Earlier this week at the SharePoint Conference keynote address, Richard Riley, director of technical product management for SharePoint at Microsoft, gave an impressive demonstration of SharePoint’s fail-over capabilities.

Now to be sure, this was not a typical scenario. The rack that Microsoft showed off on stage was of mini-Watson proportion. It boasted, for example 4 TB of storage and 1 TB of memory (yes, memory). Microsoft pulled together quite a package. They created an index of more than a million documents. You can get full details on a similar test Microsoft did last June in a White Paper on the Microsoft SharePoint Server website.

But all this was not just to impress a room filled with geeks–although there was an element of that to be sure; this was a user conference, after all–it was to prove SharePoint’s fail-over capabilities. And to do this, they literally pulled the plug on the main server and we waited along with them with baited breath to see how long it would take for the fail-over server to take over.

At first, Riley refreshed the browser and saw a message that the database was not available. This was live and real and it was quite dramatic, but less than a minute later, the monitors showed the database had failed over to the backup and everything was up and running again.

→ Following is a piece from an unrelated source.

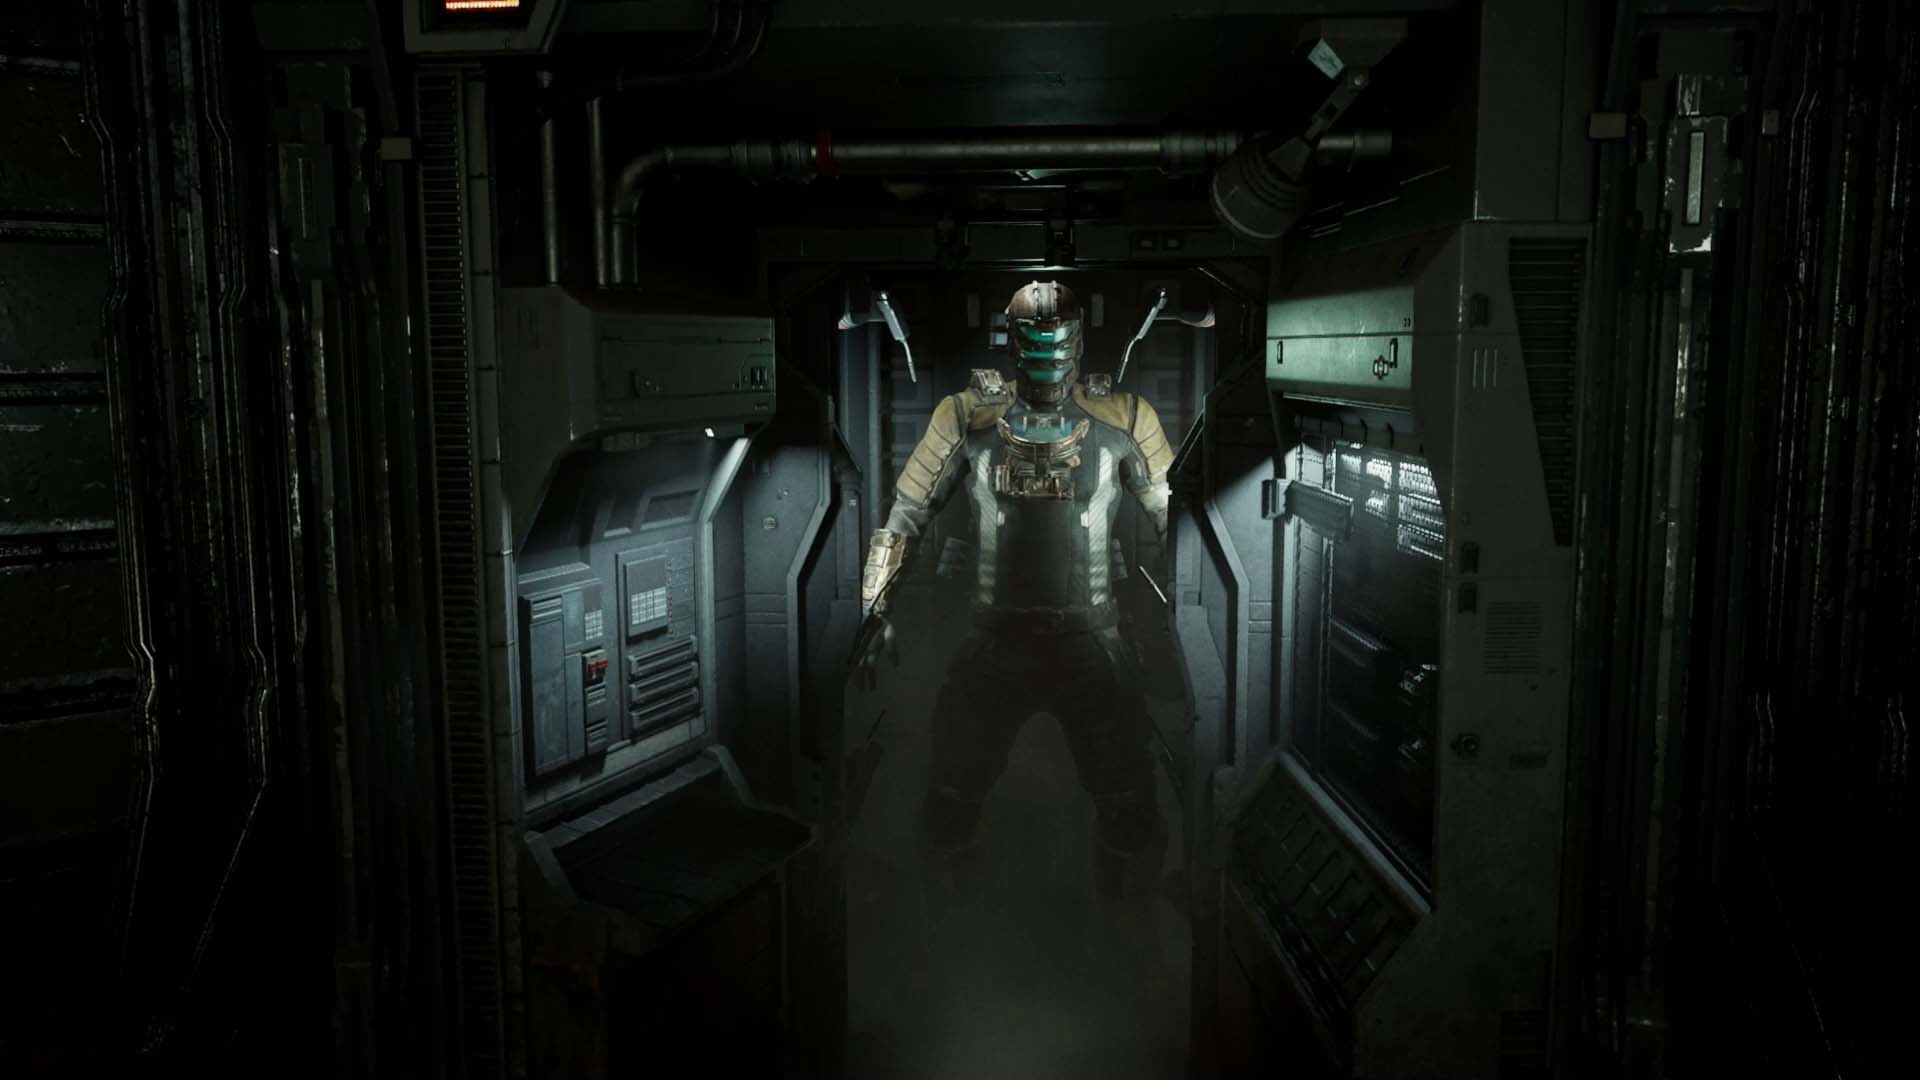 Dead Space remake pre-orders on Steam come with a free copy of Dead Space 2
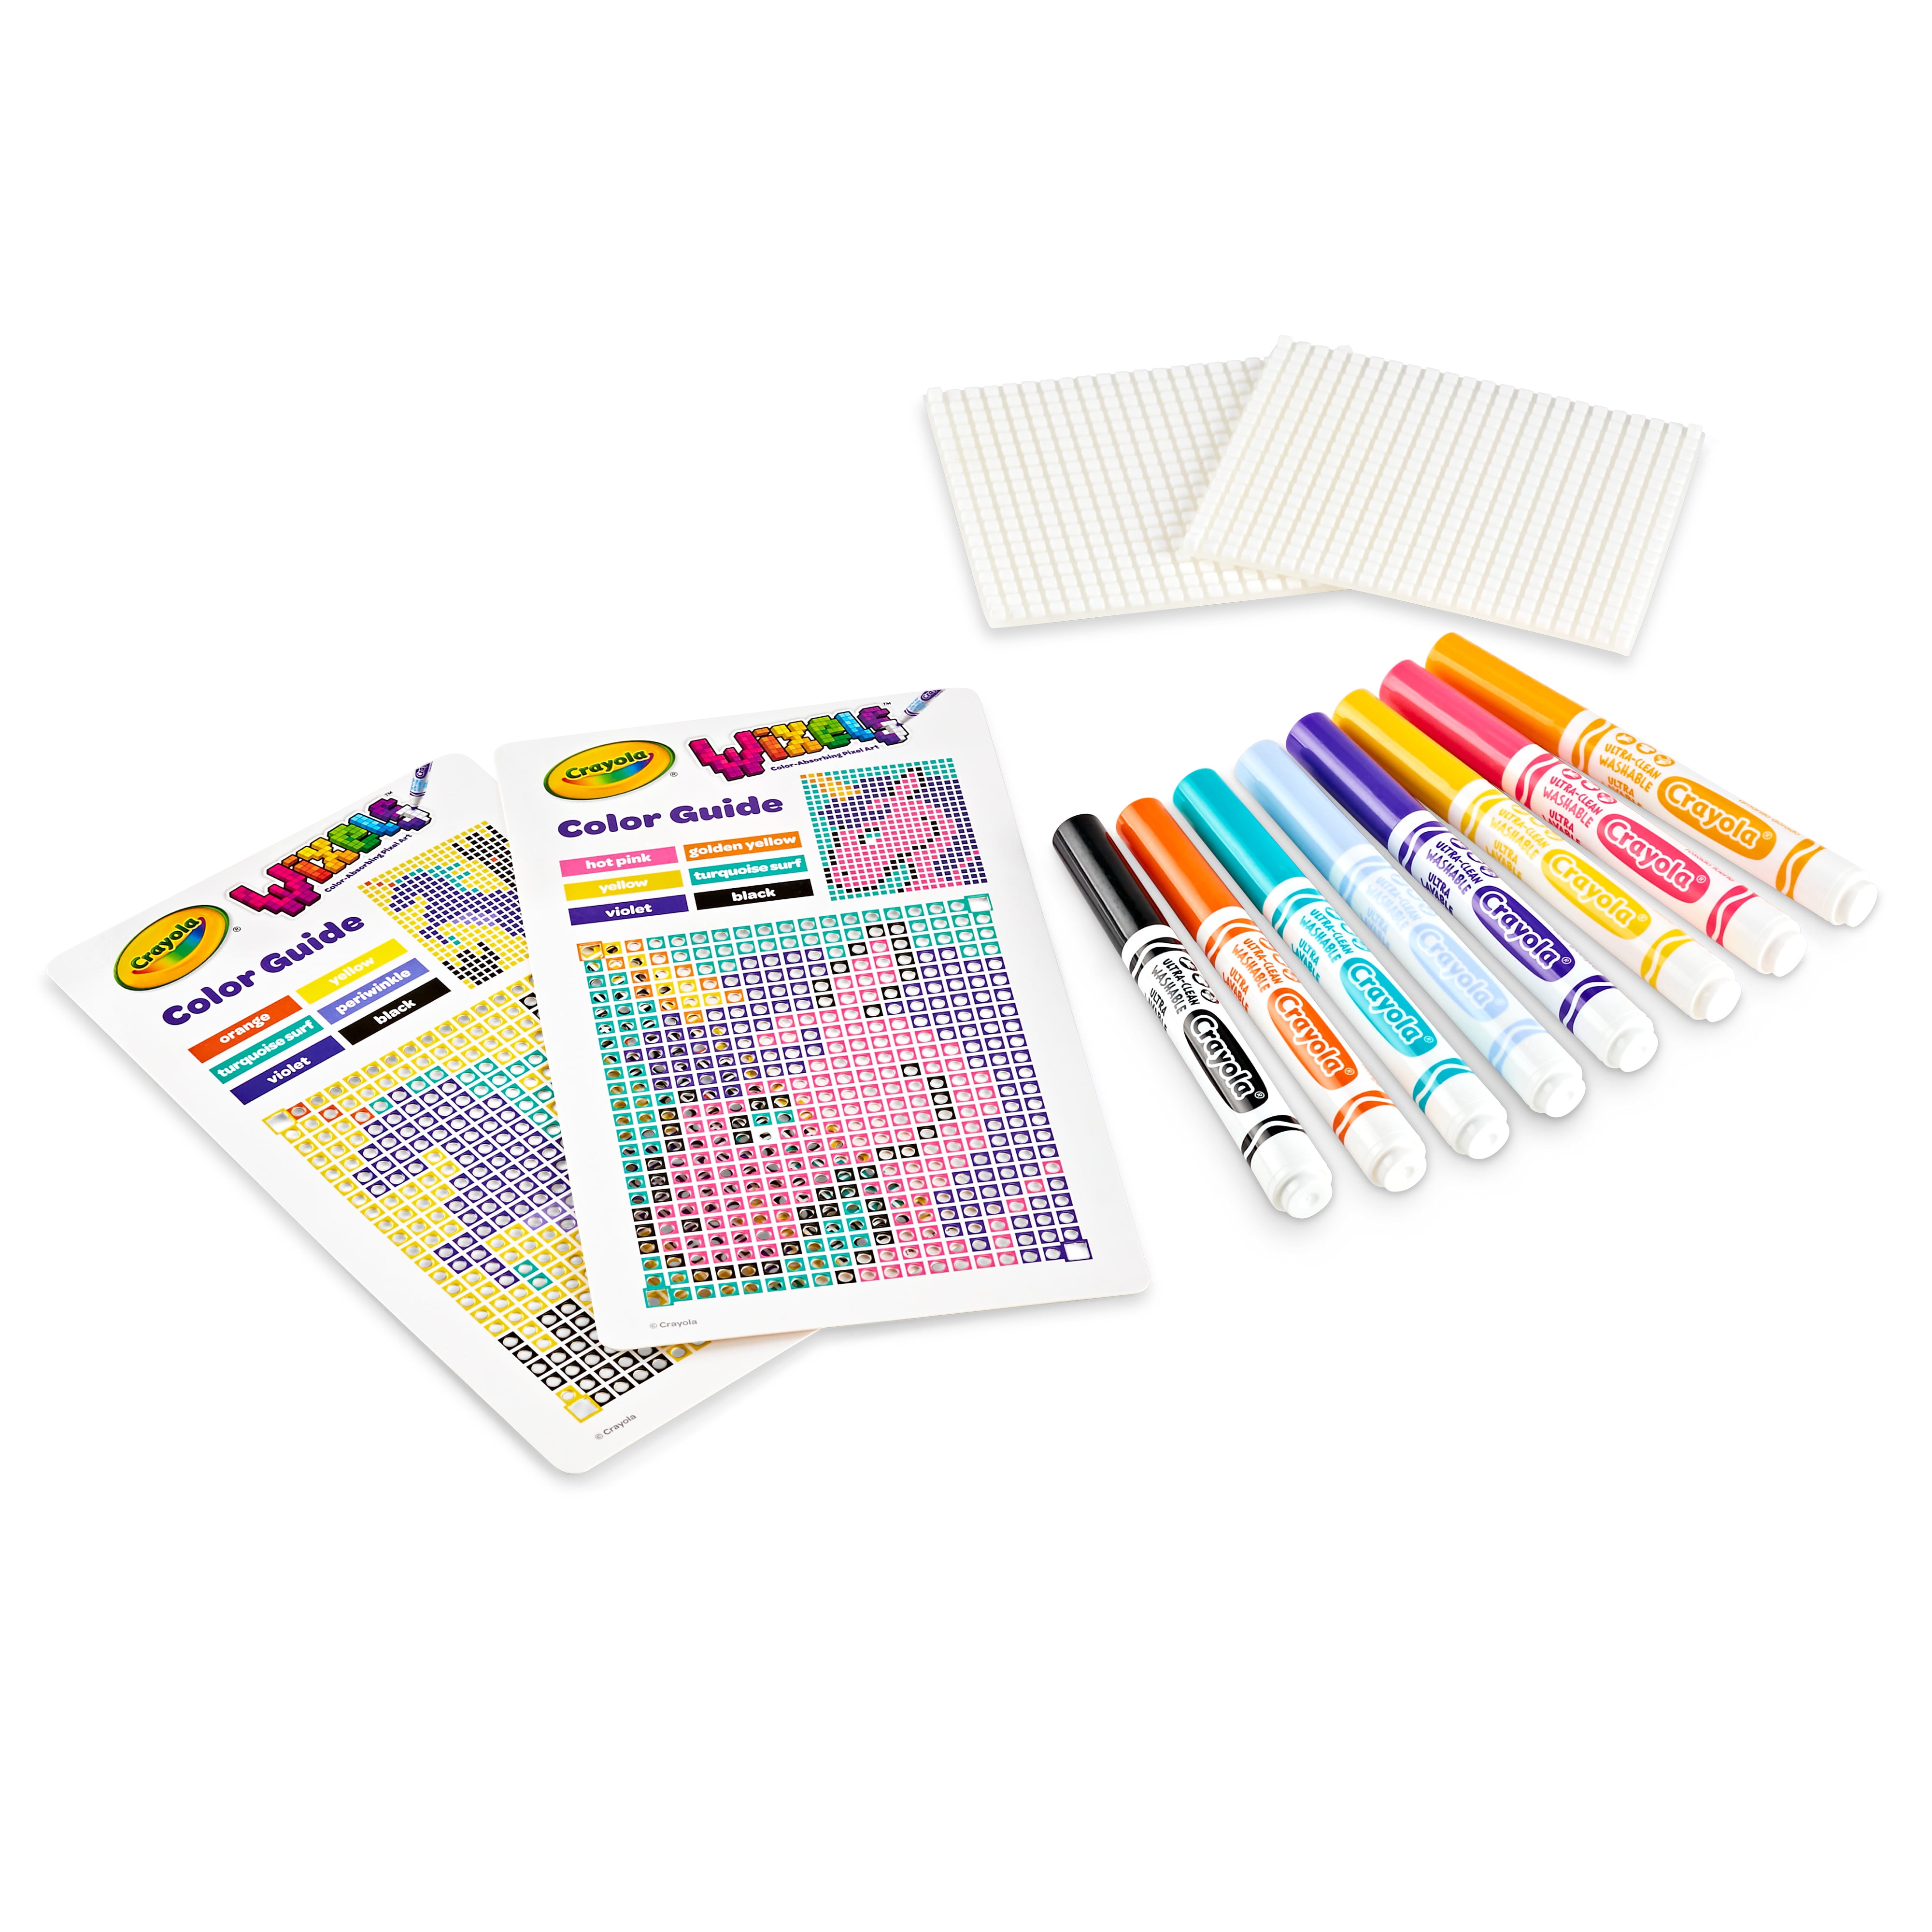 Crayola on Instagram: 🦄 Crayola Wixels is a fun, innovative way for kids  to create colorful pixel art while inspiring their imagination and  creativity. When coloring, capillary action allows marker ink to

As a monitoring professional, it would have been a demo that made you stand up and take notice because chances are your goal is to keep those mission critical applications going. If you have a database failure, you want it to be over so quickly that your users never even knew it happened.

Now, Riley fessed up later on that they had sped up the database monitor polling time from 15 seconds to two to speed things up for the purposes of the demo, and they had also used a beta version of the SQL database server that facilitates this type of fail-over more easily, but they really pulled the plug and watched with the rest of us (although I’m sure they rehearsed it a number of times beforehand to have at least a sense that it would work as planned).

But as one marketing VP I spoke to put it, if he had millions of dollars worth of hardware, he could fail over that quickly too. His feeling was that it wasn’t a very realistic demonstration because most data centers aren’t dealing with hardware configurations anywhere close to what Riley demonstrated at the SharePoint conference.

That’s fine, but the lesson here is not that you have to invest in millions of dollars worth of hardware to protect your most critical applications from failing. The lesson is that you should have these types of systems in place to get your critical applications up and running automatically as quickly as possible.

It sure would be fun to have all that hardware at your disposal, but for mere mortals, just making sure you take reasonable precautions is going to be good enough most of the time.